While the financial pain may be limited across the industry, every day is a crisis for the individual farms that lose their loans.
“It’s hard for those from a generational farm, feeling a sense that they’re the generation that could be losing the farm,” according to Michelle Soll, the director of the Nebraska Rural Response Hotline. It was established during the 1980s farm crisis to provide financial and legal advice and family counseling. Surrounding states offer similar services, such as Iowa Concern or the Kansas Rural Family Helpline.
Jody Delaney says her days have been consumed with efforts to fight off foreclosure and save both the farm and her family.
"There were a couple months when they called our loans that we had nothing," she says. "If it wasn't for some odd jobs, our family would have gone hungry and our animals would have, too."
She also says she and her husband considered divorce “because we were fighting, because of the stress.”
“We’re all fighting for the same cause, to save the family farm, to save the family business.”

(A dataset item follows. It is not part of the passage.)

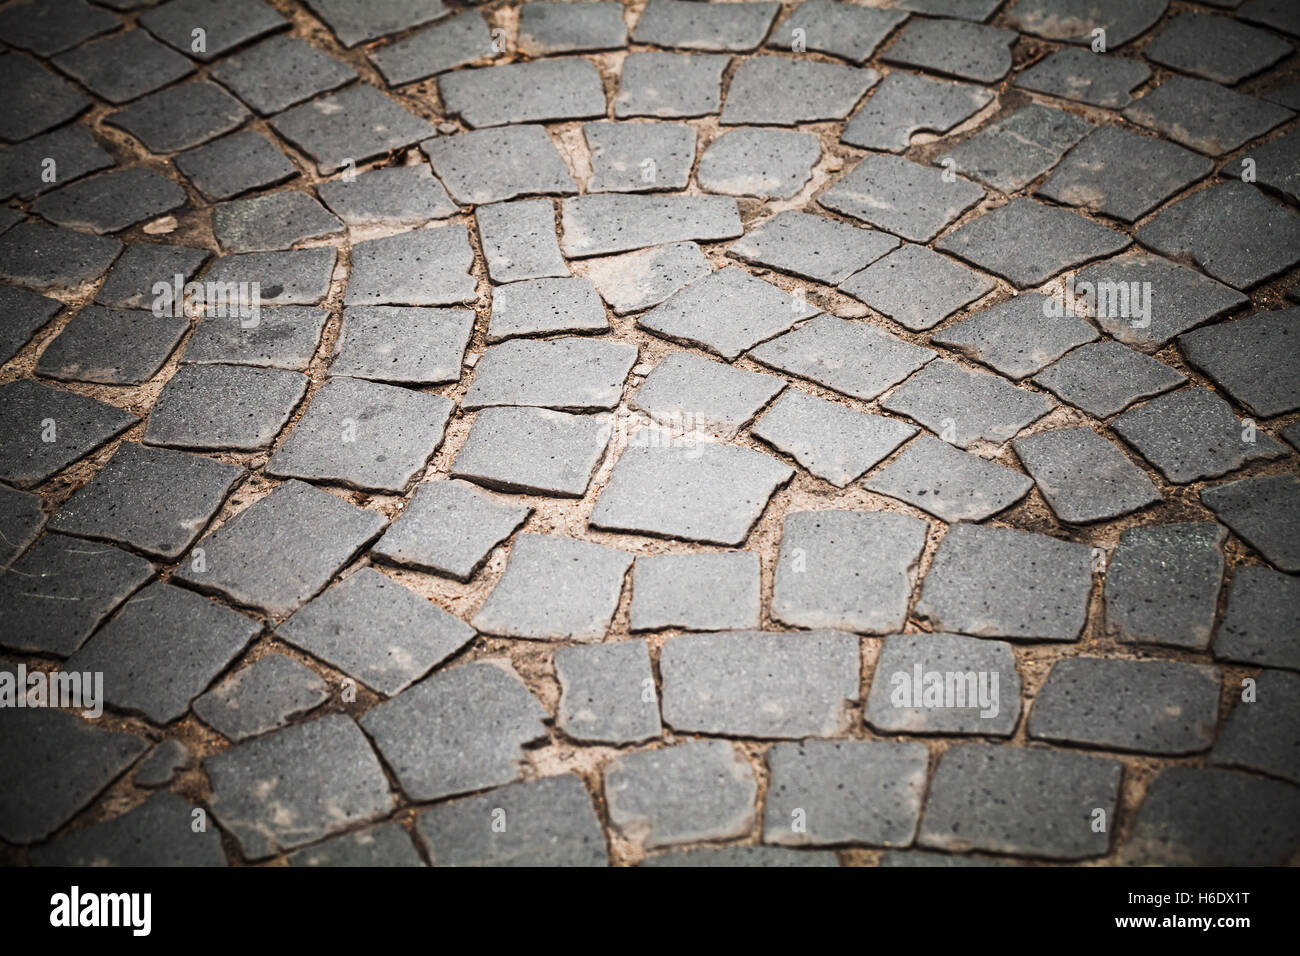 Dark gray cobble road, stone street pavement, background photo with selective focus and vignette effect Stock Photo

Soll says she advises farmers to be detailed and honest about their business plans when meeting with their lenders because refinancing with a new bank can be a tall task. When one bank says no, it’s not as easy as going to the next one.
“Most of these banks have been bought out by larger banks,” Soll said. “They just have a guideline and that’s your guideline and that’s it.”

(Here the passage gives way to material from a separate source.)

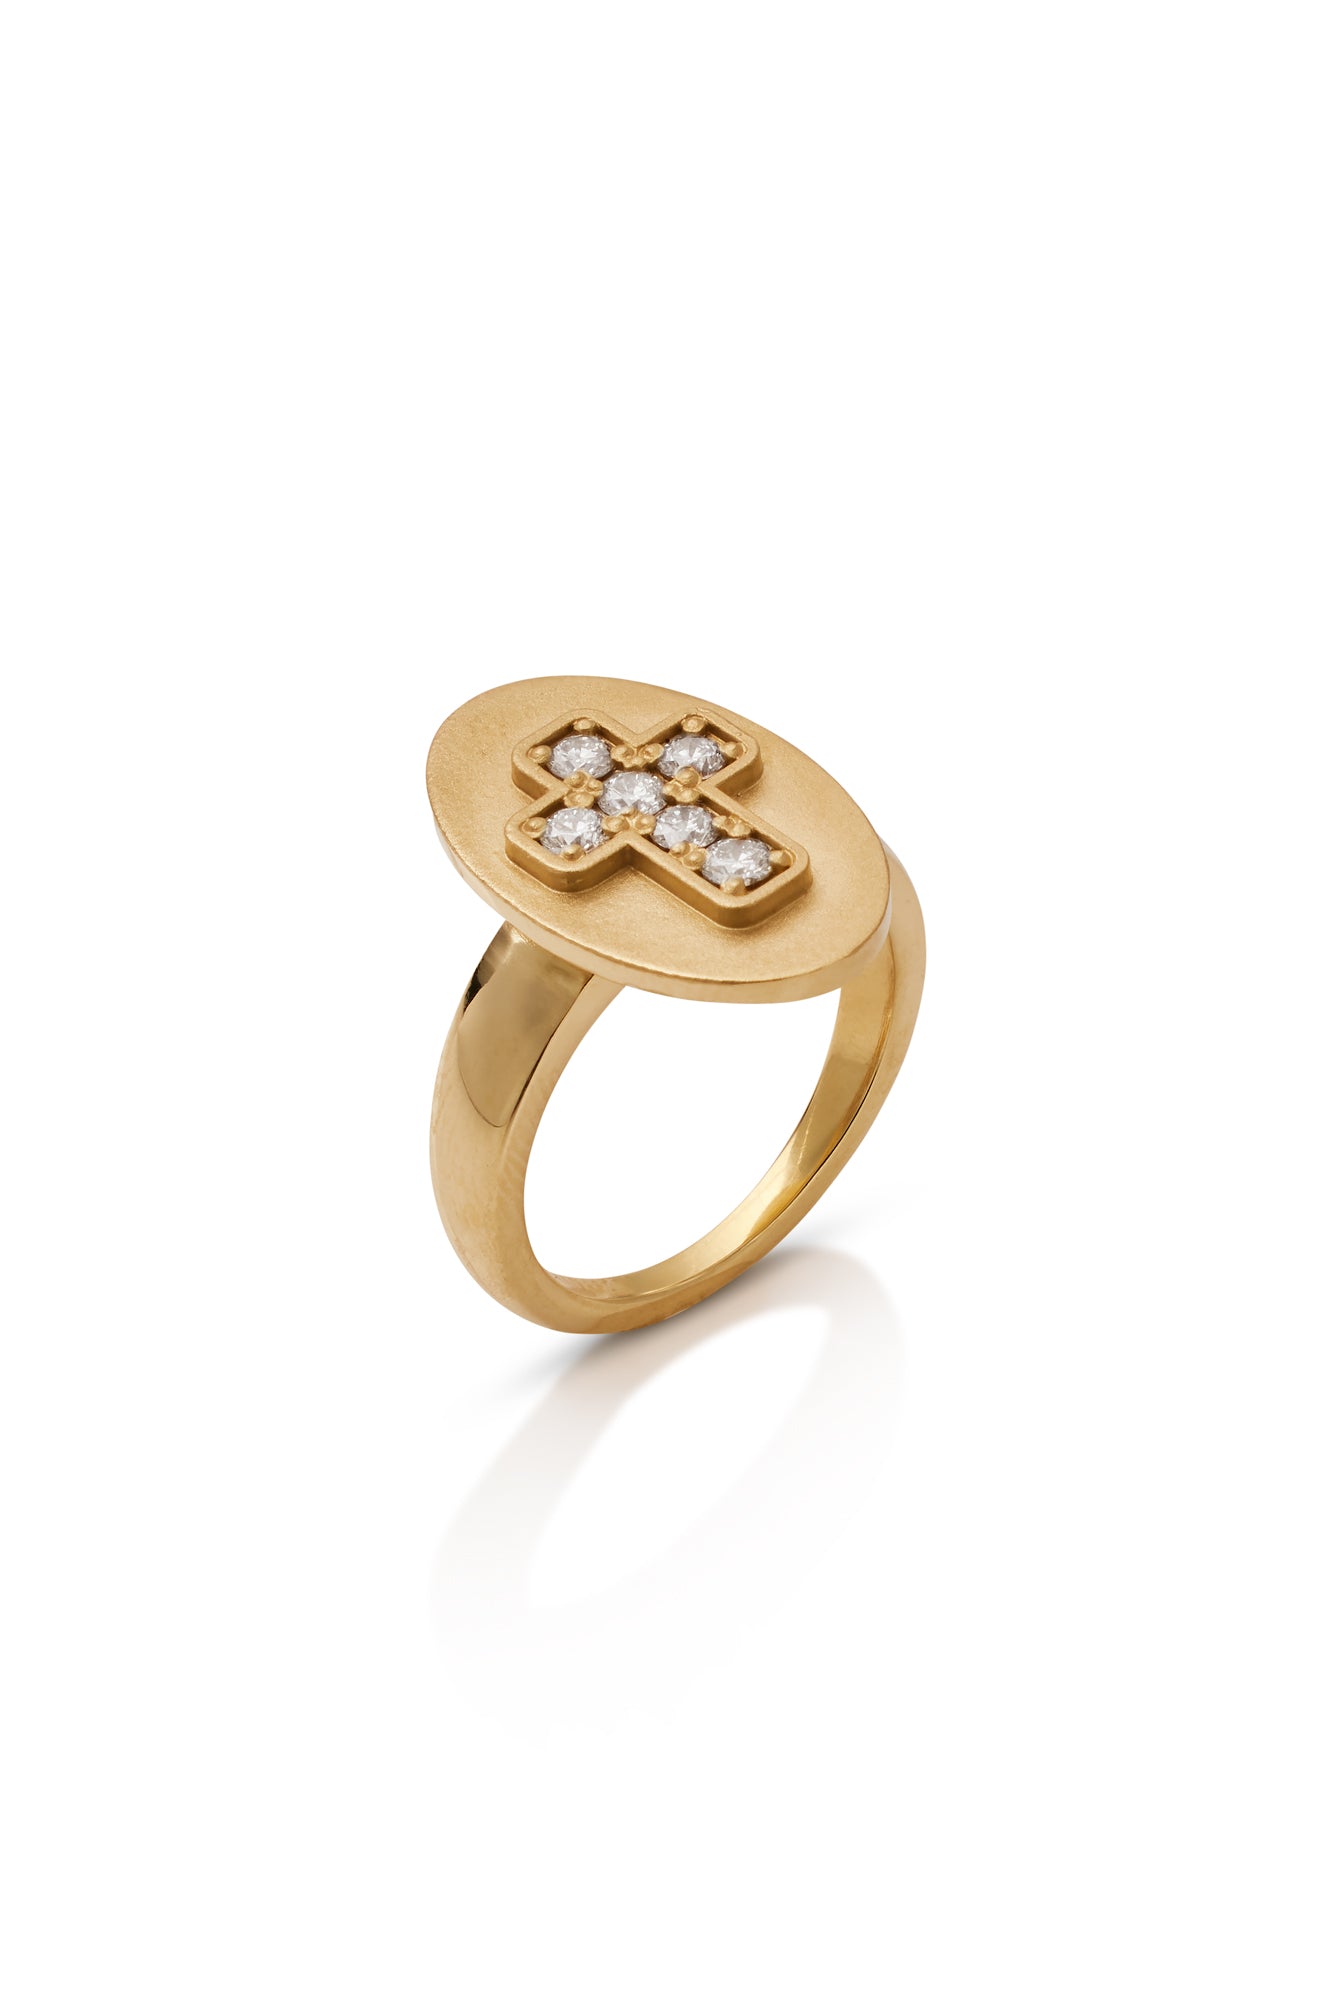 18KY Oval Ring with Diamond Cross

The Farm Service Agency, which is part of the UDSA, can help producers secure credit by lending money directly or by guaranteeing bank loans. In 2017, the FSA issued $6 billion in new credit, and is currently working with more than 120,000 farm families. But there are limits: Direct microloans go up to just $50,000, and loan guarantees top out at $1.4 million.
That may seem like a lot of money, but it doesn’t go as far as it used to. Just one acre of cropland in the U.S. is worth $4,000 on average. And those big loans are leaving farmers with fewer options.

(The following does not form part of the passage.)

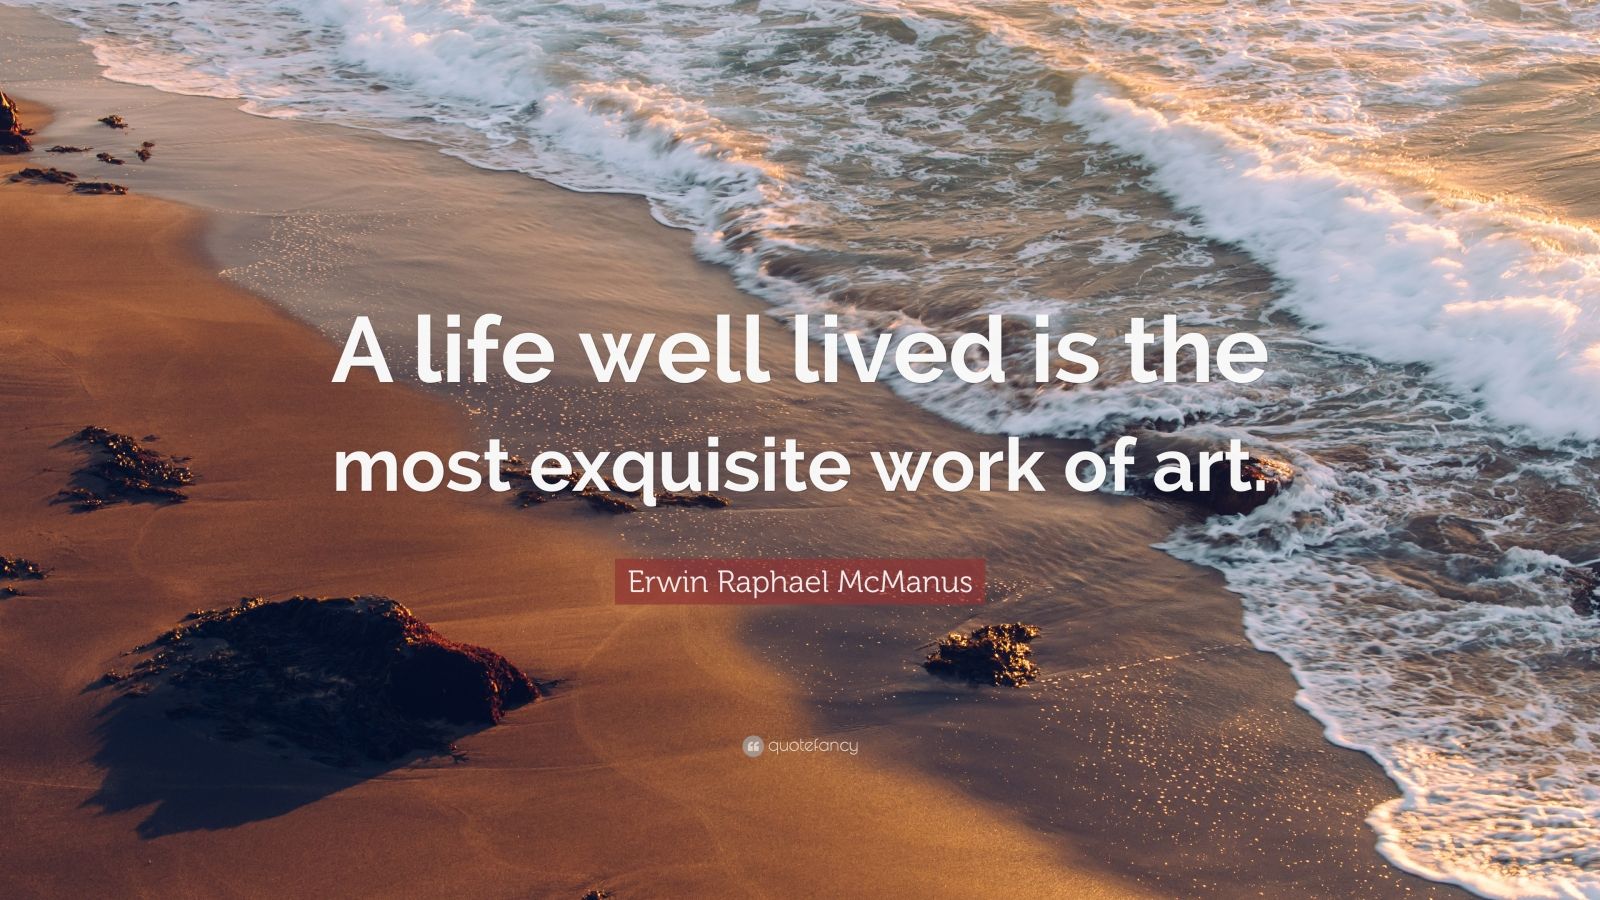 Erwin Raphael McManus Quote: “A life well lived is the most exquisite

"When debt rises to that point, it does limit your pool of lenders," Nebraska Farm Business, Inc., financial analyst Tina Barrett says. "It might be time to liquidate some assets, pulling that debt down, so that you are more marketable to different banks."
Scaling back and up
The Delaneys have downsized to about 500 acres, switched to growing non-GMO crops (which bring in more money than traditional crops) and revamped their farm since losing their loan. There's now a hog pen, where pink and red Berkshire hogs root around in the dirt and make a clatter as they lift and drop the flaps on their feeder bins.
These animals are another part of the Delaneys’ rebuild, with a plan to raise about 2,000 hogs a year for Heritage Foods, which supplies upscale grocer Whole Foods.
Jody Delaney says her father-in-law was not on board with the idea at first, “but now I don’t think he’d change it for the world. He’s with these hogs every day, sometimes five or six times a day, checking on them to make sure they’ve got food, water, heat.”
Tom Delaney shrugs and reaches into the pen to pat a pig on the back. “If that’s what it takes to pay the bills it’s what we’re gonna do,” he says.
The farm is still in debt and the bank could foreclose on it, but it is earning a profit again. The Delaneys say this is their chance to save the family farm — if they can find a bank that feels the same way.